Born in Johannesburg, South Africa to an influential Afrikaner family, de Klerk studied at Potchefstroom University before pursuing a career in law. Joining the National Party, to which he had family ties, he was elected to parliament and sat in the white-minority government of P. W. Botha, holding a succession of ministerial posts. As a minister, he supported and enforced apartheid, a system of racial segregation that privileged white South Africans.
After Botha resigned in 1989, de Klerk replaced him, first as leader of the National Party and then as State President. Although observers expected him to continue Botha’s defence of apartheid, de Klerk decided to end the policy. He was aware that growing ethnic animosity and violence was leading South Africa into a racial civil war. Amid this violence, the state security forces committed widespread human rights abuses and encouraged violence between the Xhosa and Zulu people, although de Klerk later denied sanctioning such actions. He permitted anti-apartheid marches to take place, legalised a range of previously banned anti-apartheid political parties, and freed imprisoned anti-apartheid activists, including Nelson Mandela. He also dismantled South Africa’s nuclear weapons program.
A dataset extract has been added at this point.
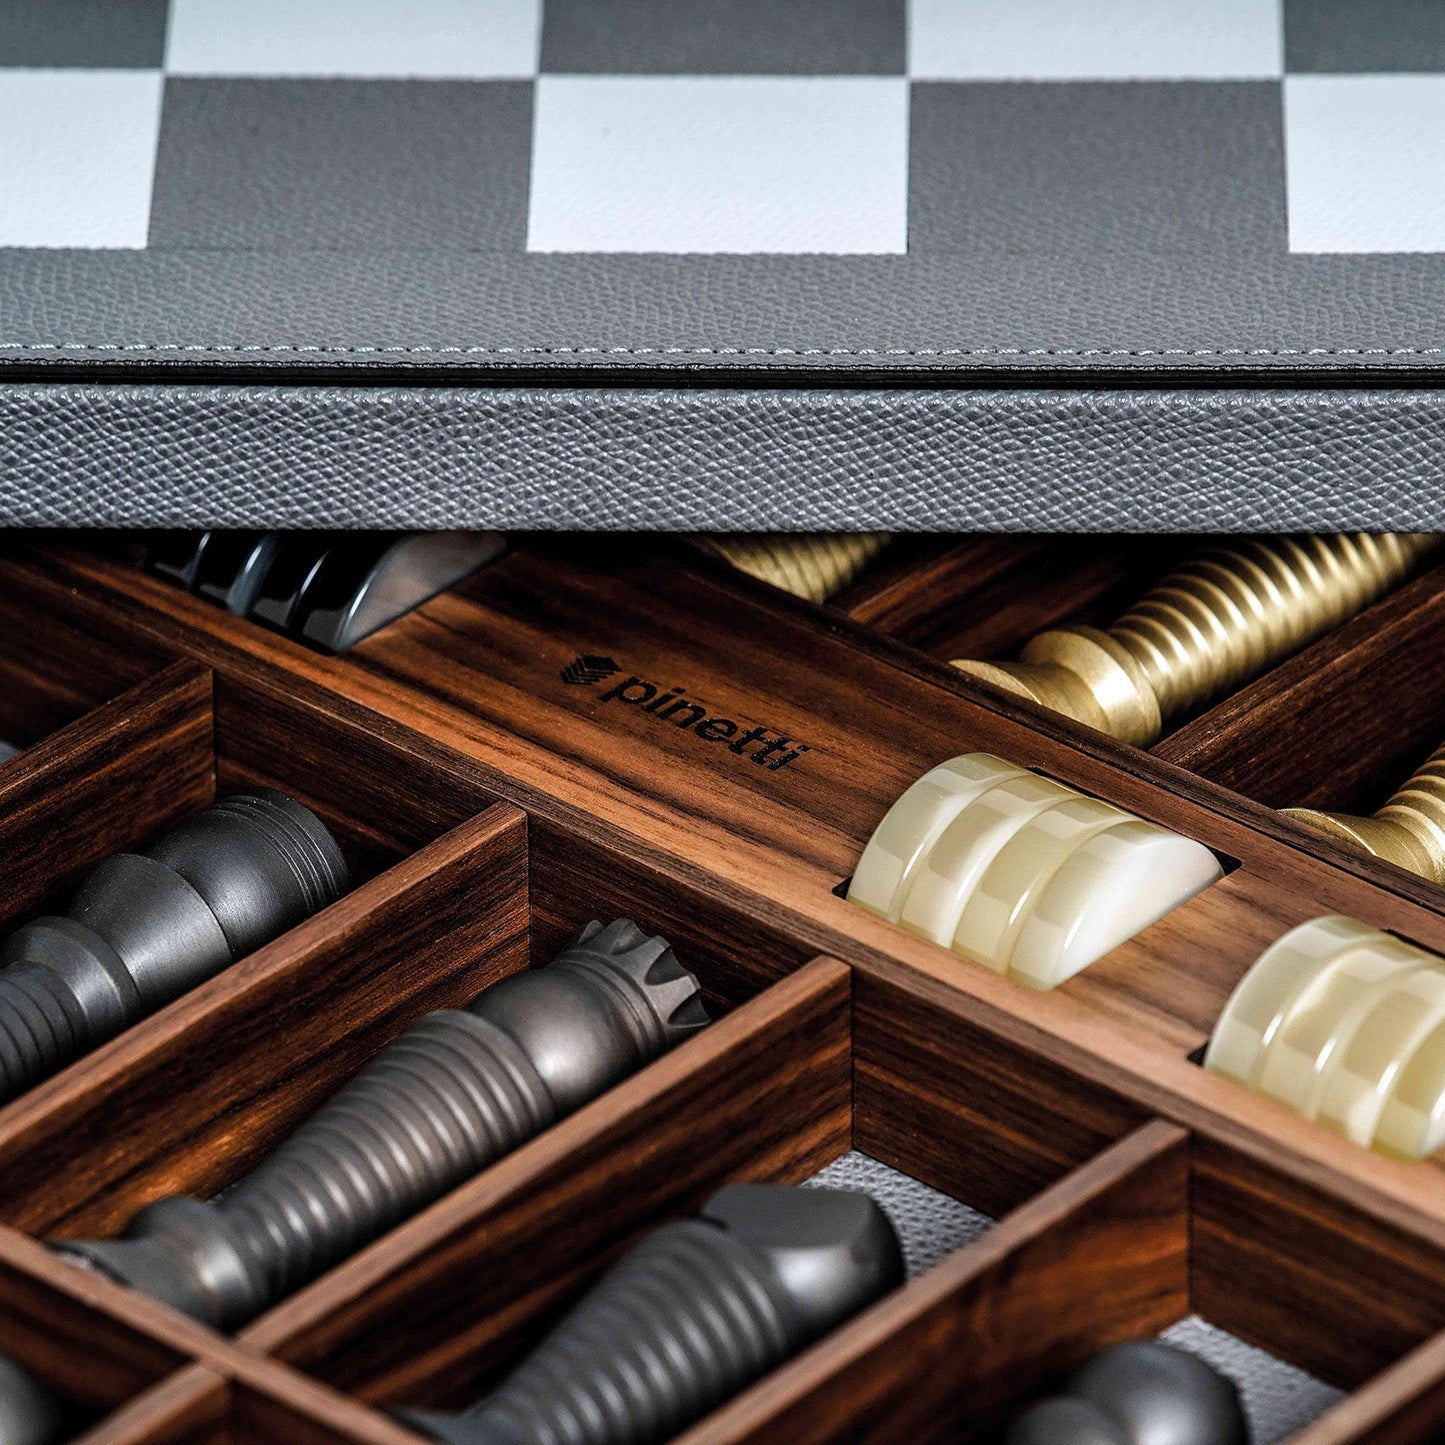 Chess & Checkers Leather Game

De Klerk negotiated with Mandela to fully dismantle apartheid and establish a transition to universal suffrage. In 1993, he publicly apologised for apartheid’s harmful effects, but not for apartheid itself. He oversaw the 1994 non-racial election in which Mandela led the African National Congress (ANC) to victory; de Klerk’s National Party took second place. De Klerk then became Deputy President in Mandela’s ANC-led coalition, the Government of National Unity.